实现一个完整的深度学习训练流程，包括训练、验证、测试的循环，损失函数选择，优化器配置，以及学习率调度。

In [None]:
# 6.1 训练配置和初始化
print("=== 完整训练流程 ===")

# 6.1.1 训练配置
class TrainingConfig:
    """训练配置类"""
    
    def __init__(self):
        # 模型配置
        self.model_name = "CNN_MNIST"
        self.num_classes = 10
        
        # 训练配置
        self.epochs = 20
        self.batch_size = 64
        self.learning_rate = 0.001
        self.weight_decay = 1e-4
        
        # 优化器配置
        self.optimizer_type = "Adam"  # Adam, SGD, AdamW
        self.momentum = 0.9  # for SGD
        
        # 学习率调度
        self.scheduler_type = "StepLR"  # StepLR, ReduceLROnPlateau, CosineAnnealingLR
        self.step_size = 7
        self.gamma = 0.1
        self.patience = 5  # for ReduceLROnPlateau
        
        # 早停配置
        self.early_stopping = True
        self.early_stopping_patience = 10
        self.min_delta = 0.001
        
        # 设备和路径
        self.device = device
        self.save_dir = Path("checkpoints")
        self.log_dir = Path("logs")
        
        # 混合精度训练
        self.use_amp = torch.cuda.is_available()
        
        # 日志和保存
        self.save_best_only = True
        self.save_frequency = 5  # 每5个epoch保存一次
        self.log_frequency = 100  # 每100个batch记录一次

config = TrainingConfig()

print(f"训练配置:")
print(f"  模型: {config.model_name}")
print(f"  训练轮数: {config.epochs}")
print(f"  批次大小: {config.batch_size}")
print(f"  学习率: {config.learning_rate}")
print(f"  优化器: {config.optimizer_type}")
print(f"  设备: {config.device}")
print(f"  混合精度: {config.use_amp}")

# 6.1.2 模型初始化
# 使用之前定义的CNN模型
model = ConvNet(num_classes=config.num_classes).to(config.device)

# 应用权重初始化
model.apply(init_weights)

print(f"\n模型参数数量: {sum(p.numel() for p in model.parameters()):,}")

# 6.1.3 损失函数
criterion = nn.CrossEntropyLoss()

# 6.1.4 优化器配置
def get_optimizer(model, config):
    """根据配置获取优化器"""
    if config.optimizer_type == "Adam":
        return optim.Adam(
            model.parameters(), 
            lr=config.learning_rate,
            weight_decay=config.weight_decay
        )
    elif config.optimizer_type == "SGD":
        return optim.SGD(
            model.parameters(),
            lr=config.learning_rate,
            momentum=config.momentum,
            weight_decay=config.weight_decay
        )
    elif config.optimizer_type == "AdamW":
        return optim.AdamW(
            model.parameters(),
            lr=config.learning_rate,
            weight_decay=config.weight_decay
        )
    else:
        raise ValueError(f"Unknown optimizer: {config.optimizer_type}")
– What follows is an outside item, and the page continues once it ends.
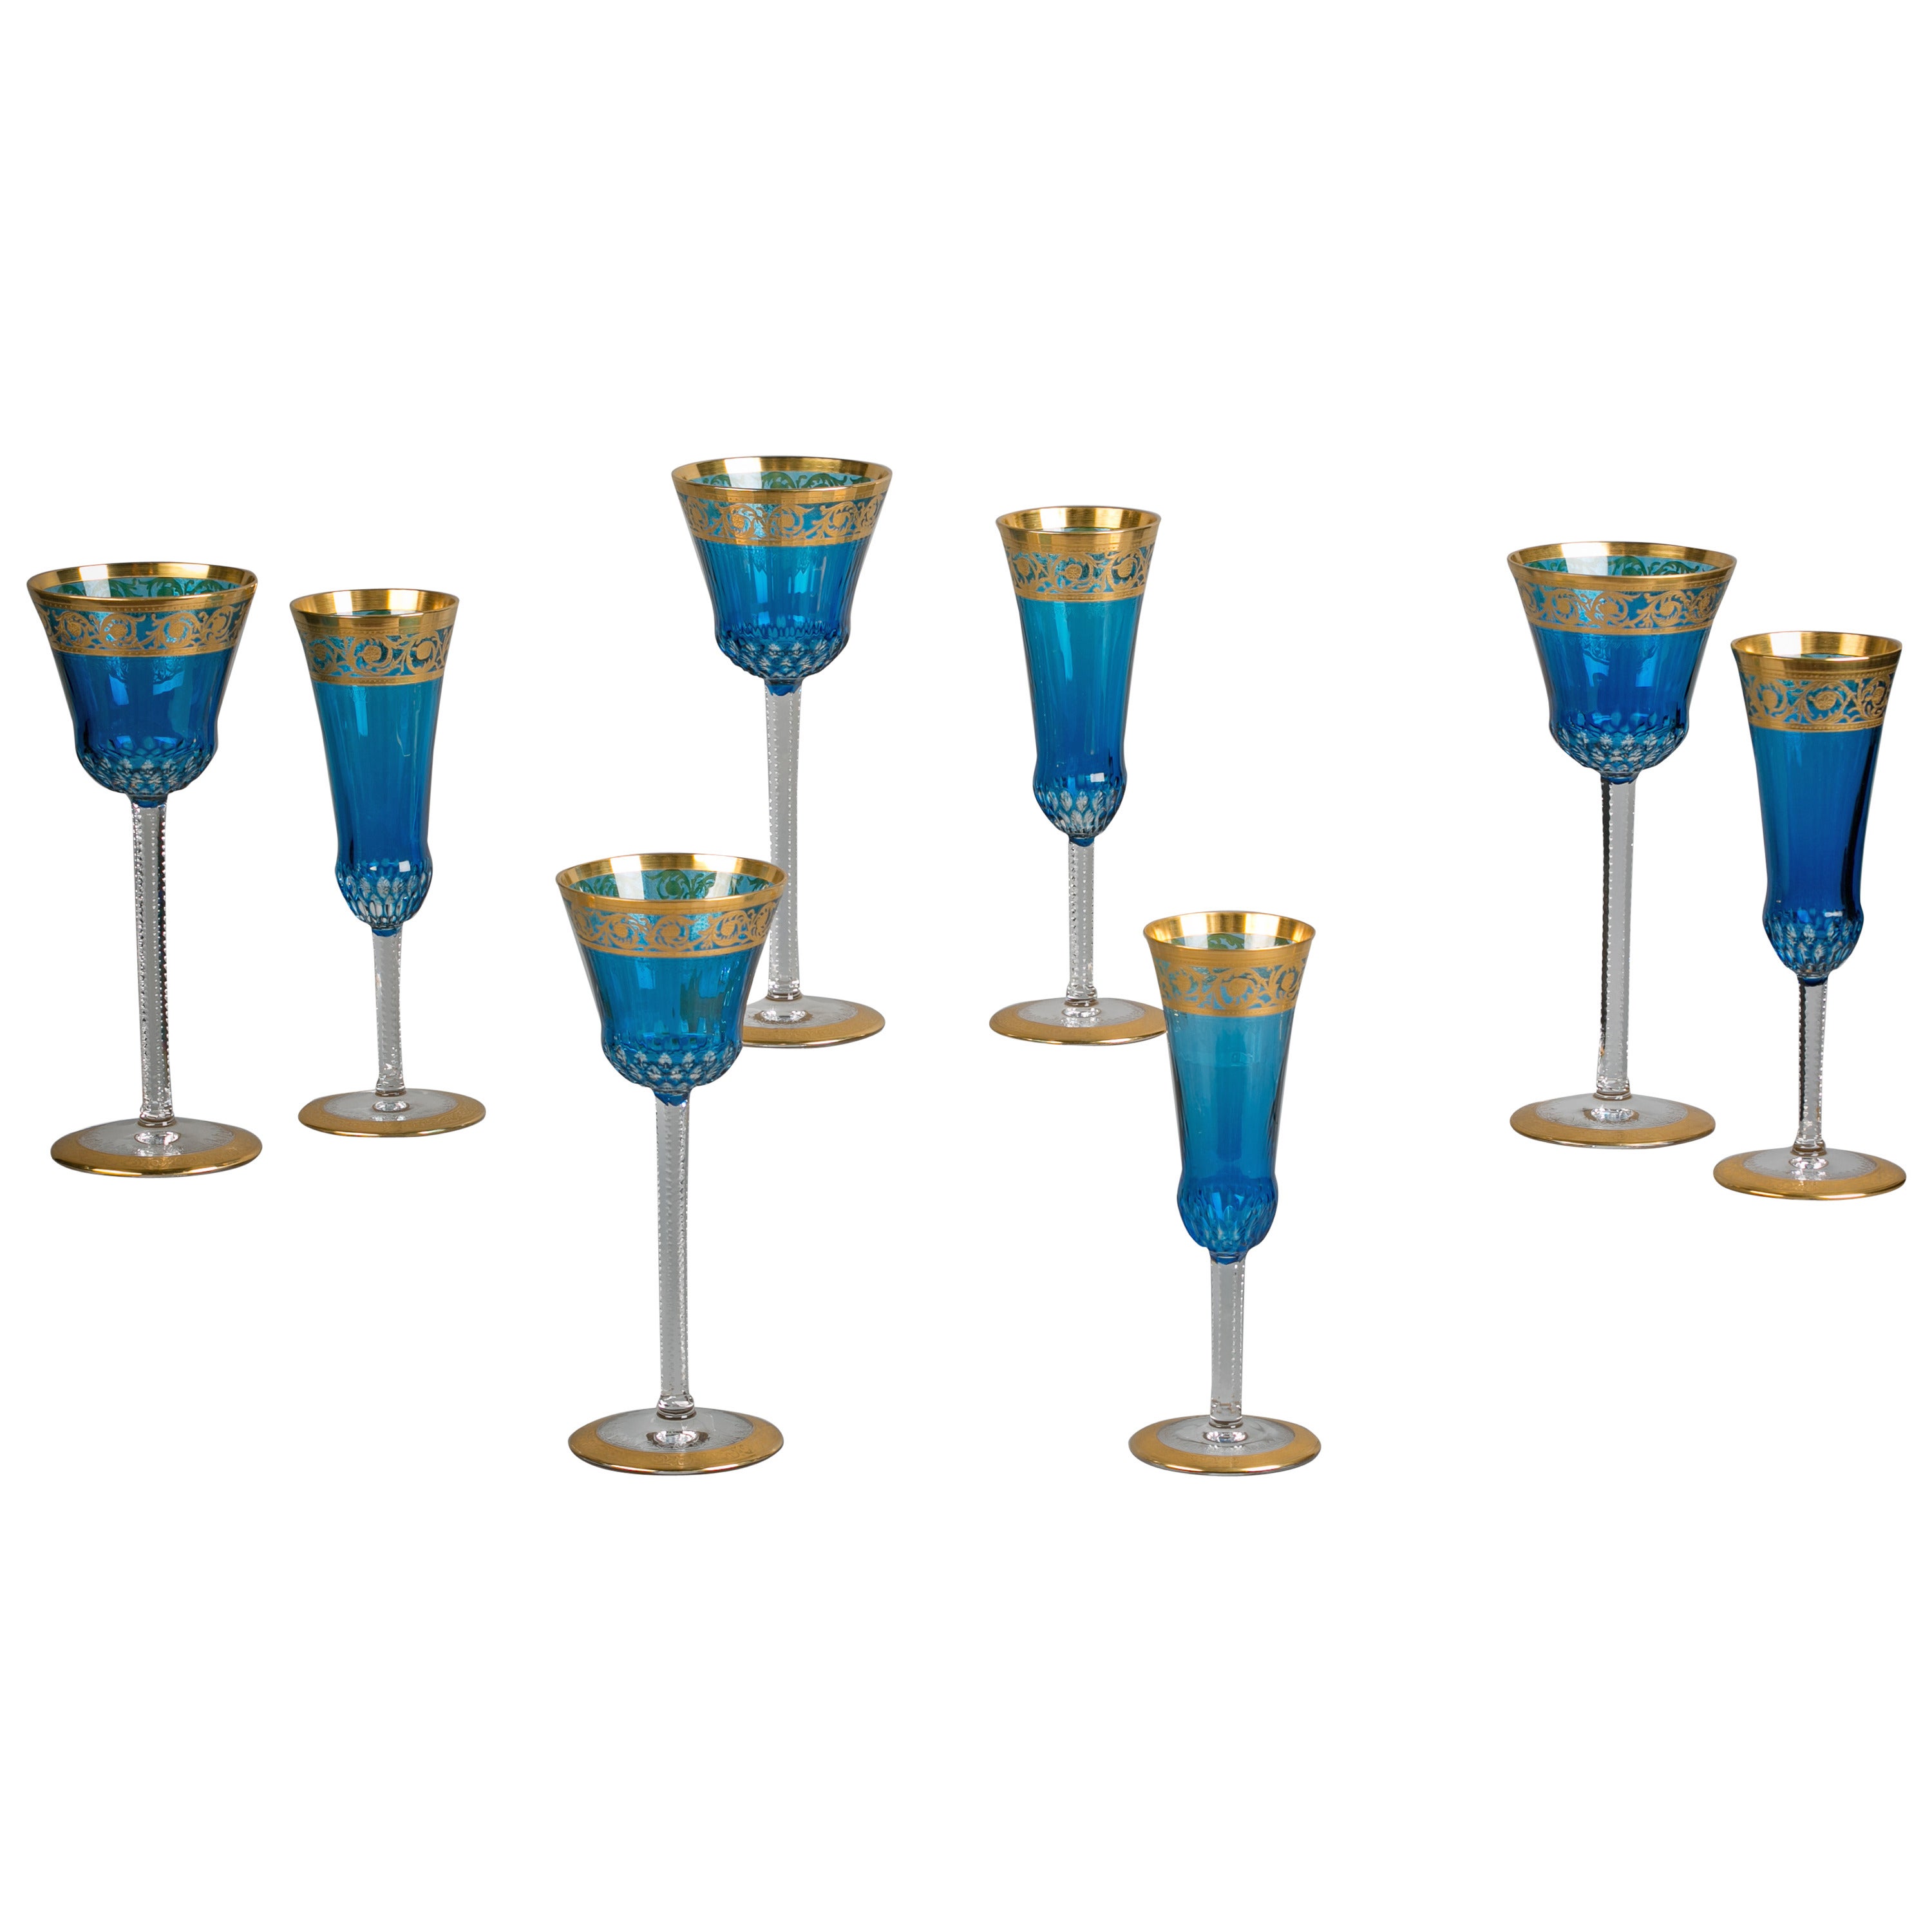 Set of 30 Wine and Champagne Glasses with French Thistle Pattern, circa 1940 For Sale

optimizer = get_optimizer(model, config)

# 6.1.5 学习率调度器
def get_scheduler(optimizer, config):
    """根据配置获取学习率调度器"""
    if config.scheduler_type == "StepLR":
        return StepLR(optimizer, step_size=config.step_size, gamma=config.gamma)
    elif config.scheduler_type == "ReduceLROnPlateau":
        return ReduceLROnPlateau(
            optimizer, mode='min', patience=config.patience,
            factor=config.gamma, verbose=True
        )
    elif config.scheduler_type == "CosineAnnealingLR":
        return CosineAnnealingLR(optimizer, T_max=config.epochs)
    else:
        return None

scheduler = get_scheduler(optimizer, config)

# 6.1.6 早停机制
class EarlyStopping:
    """早停机制"""
    
    def __init__(self, patience=7, min_delta=0, restore_best_weights=True):
        self.patience = patience
        self.min_delta = min_delta
        self.restore_best_weights = restore_best_weights
        self.best_loss = None
        self.counter = 0
        self.best_weights = None
        
    def __call__(self, val_loss, model):
        if self.best_loss is None:
            self.best_loss = val_loss
            self.save_checkpoint(model)
        elif val_loss < self.best_loss - self.min_delta:
            self.best_loss = val_loss
            self.counter = 0
            self.save_checkpoint(model)
        else:
            self.counter += 1
            
        if self.counter >= self.patience:
            if self.restore_best_weights:
                model.load_state_dict(self.best_weights)
            return True
        return False
    
    def save_checkpoint(self, model):
        self.best_weights = copy.deepcopy(model.state_dict())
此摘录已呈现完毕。